Amazfit Bip Max: a $100 sports watch with a 3,000-nit screen and offline maps

By: Anton Kratiuk | today, 17:19
Record-brightness display on the Amazfit Bip Max. Image: Amazfit Record-brightness display on the Amazfit Bip Max. Image: Amazfit. Source: Photo: Amazfit

Amazfit has launched the Bip Max, a sports smartwatch priced at $99.99 in the US and £99.90 in the UK. Its headline spec is a 2.07-inch AMOLED display with 3,000 nits of peak brightness — a figure that matches the Apple Watch Ultra 2, per Basic Tutorials. At this price, that's genuinely unusual.

The screen and storage

The Bip Max upgrades on the Bip 6 in two key areas. The display grows from 1.97 to 2.07 inches, and onboard storage jumps from 512 MB to 4 GB — an 8x increase, as confirmed by Gadgets & Wearables. That storage bump matters: it enables offline map downloads and local music playback, so the watch can function independently of a phone on a run or hike. The Bip 6 had barely 100 MB of usable space for a user, which made those features impractical.

What's inside

The watch runs ZeppOS 5.0 with a new Flow 2.0 AI assistant. Amazfit also adds Hybrid Training support, which combines GPS workout data with health metrics — heart rate, SpO2, and HRV (heart rate variability, a marker for recovery). There are 150 sport modes. The 550 mAh battery is rated for up to 20 days of typical use or 40 hours of continuous GPS tracking, according to Notebookcheck.

The catch

One notable omission: no NFC, which means no contactless payments. That limits its appeal compared to rivals like the Samsung Galaxy Watch 7 and Apple Watch SE, both of which support tap-to-pay. If you use your watch to pay for your post-run coffee, this one won't help. The Zepp Coach AI training assistant also positions the Bip Max against Garmin's Forerunner lineup — but at a fraction of the cost.

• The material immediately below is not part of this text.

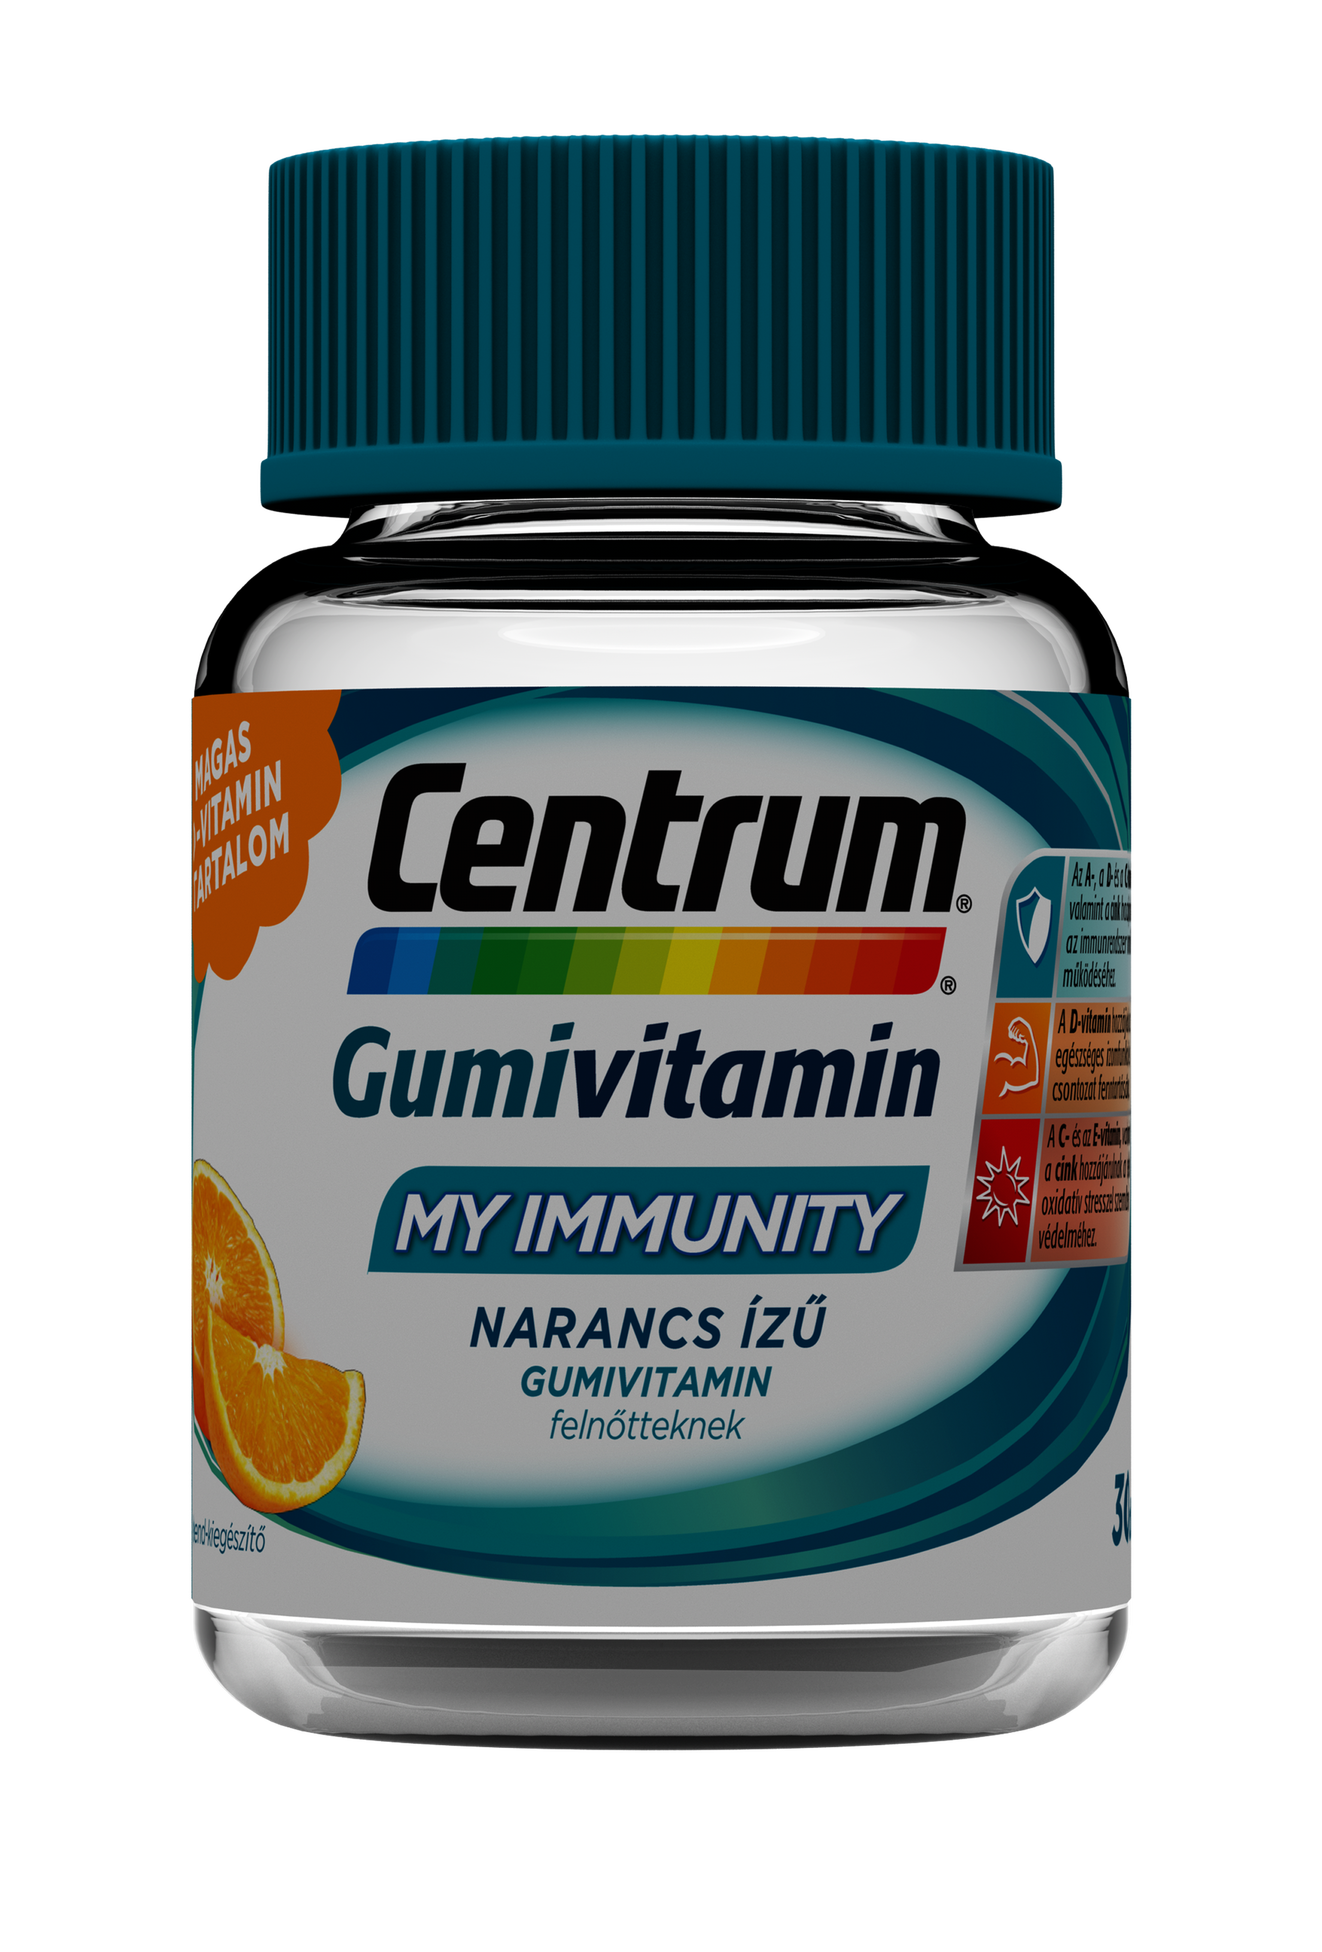 Centrum My Immunity gumivitamin narancs ízű

Amazfit Bip Max colour options. Image: Amazfit
Amazfit Bip Max colour options. Image: Amazfit

The Bip Max is available now at $99.99 via Amazfit and Amazon in the US, and at £99.90 in the UK. For that price, the display brightness and storage capacity alone make it a strong option for budget-conscious fitness users — as long as contactless payment isn't a dealbreaker.